Oil has topped $100/barrel amid IEA warnings that the Middle East war is creating the largest supply disruption in history, elevating stagflation risk. Oxford Economics estimates Brent at $140/bbl for eight weeks could reduce global real GDP by ~0.7% by end-2026 and push the U.S. toward a temporary standstill; a $100/bbl shock for two months would shave a few tenths off global GDP but likely avoid recession. U.S. unemployment is 4.4% and Q5 2025 GDP estimates have fallen to ~1.4%, increasing the chance of a more dovish Fed response if oil remains elevated. Investors are moving into risk-off positioning as shipping disruptions and regional attacks persist.

Analysis

A persistent energy risk premium transmits to the real economy through three linked channels: input-cost pass-through to headline and core inflation with a 3–9 month lag, a tightening of corporate margins in energy-intensive sectors, and a rise in freight and insurance costs that acts like a tariff on trade. Quantitatively, a sustained ~20% uplift in delivered energy costs typically subtracts a few tenths from GDP growth within two quarters as margins and household real incomes compress, raising odds of policy trade-offs for central banks.

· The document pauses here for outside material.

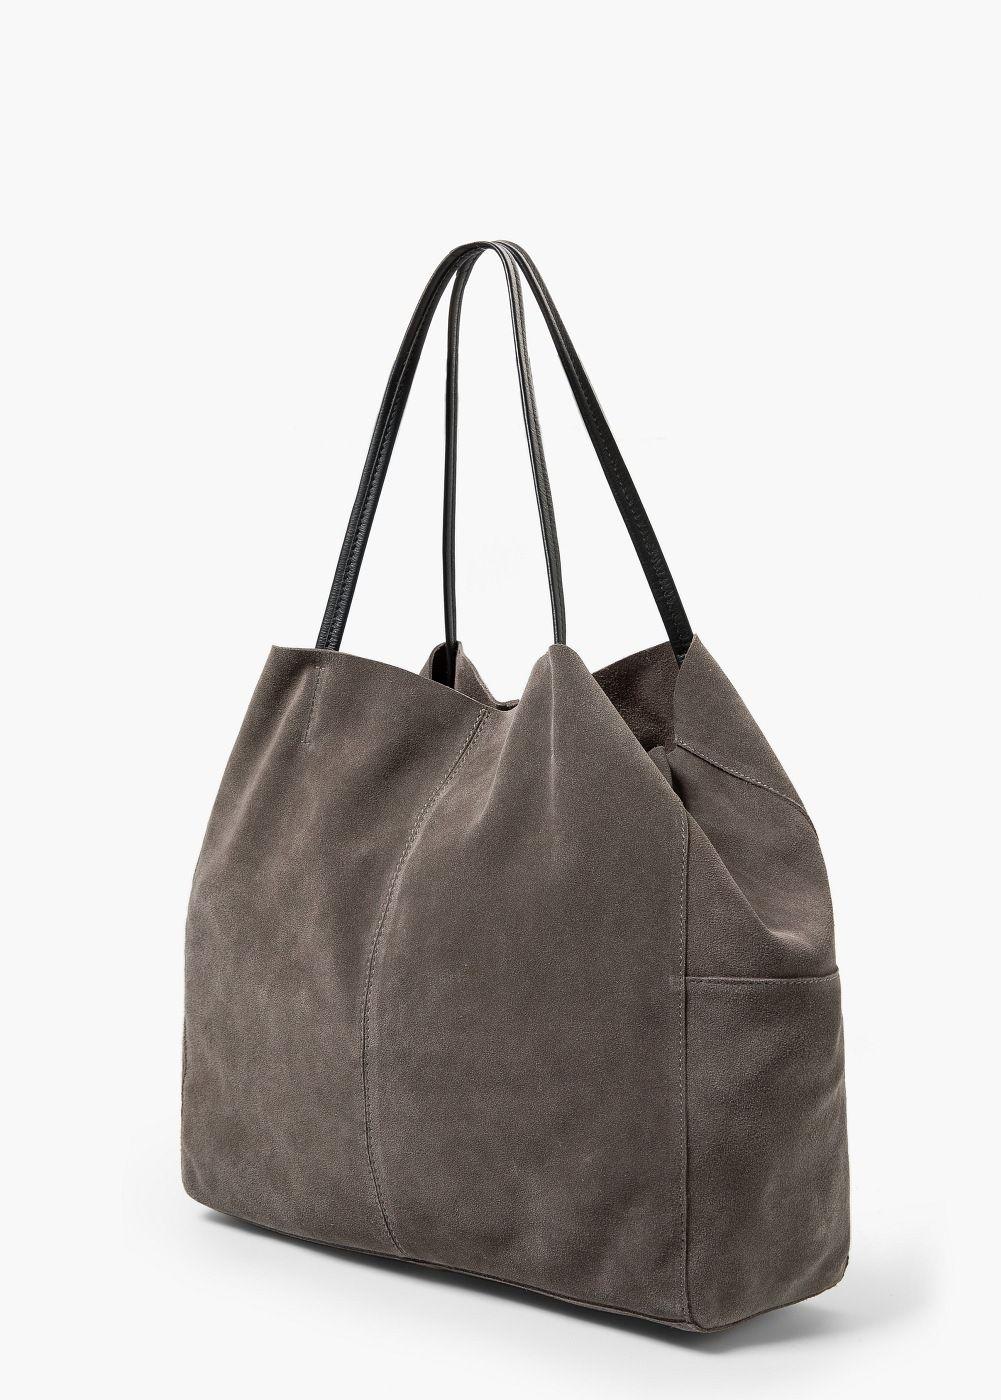 3a051999c789 Замшевая сумка шоппер - Женская in 2019 | Soft Natural Muted Summer ...

Second-order supply-chain winners and losers are non-linear. Global commodity processors (chemicals, fertilizers) face immediate feedstock margin squeezes, while refiners with crack-spread optionality and storage access can front-run shortages and monetize contango; shipping owners and P&I insurers can reprice risk and GDP-exposed importers (autos, apparel) see margin pressure via higher landed costs. Meanwhile, EM external accounts and FX suffer from higher import bills, magnifying cross-border funding stress for wholesale-funded European banks more than large US deposit-funded banks. On financials, volatility elevates VaR and capital consumption for banks active in commodity derivatives and prime brokerage; this asymmetry favors balance-sheet-light, fee-centric franchises. Policy reaction remains the dominant catalyst: a dovish pivot (driven by weak labor or growth) materially reduces recession odds but keeps real yields lower for longer; a hawkish surprise due to inflation pass-through would reprice risk assets sharply. Market reversals will come from durable logistical fixes (insured convoys, cleared shipping lanes), material SPR coordination, or demand retrenchment out of China. In the meantime, volatility should be traded — prefer option-defined payoffs and cross-asset pairs that isolate the risk-premium rather than directional commodity exposure alone.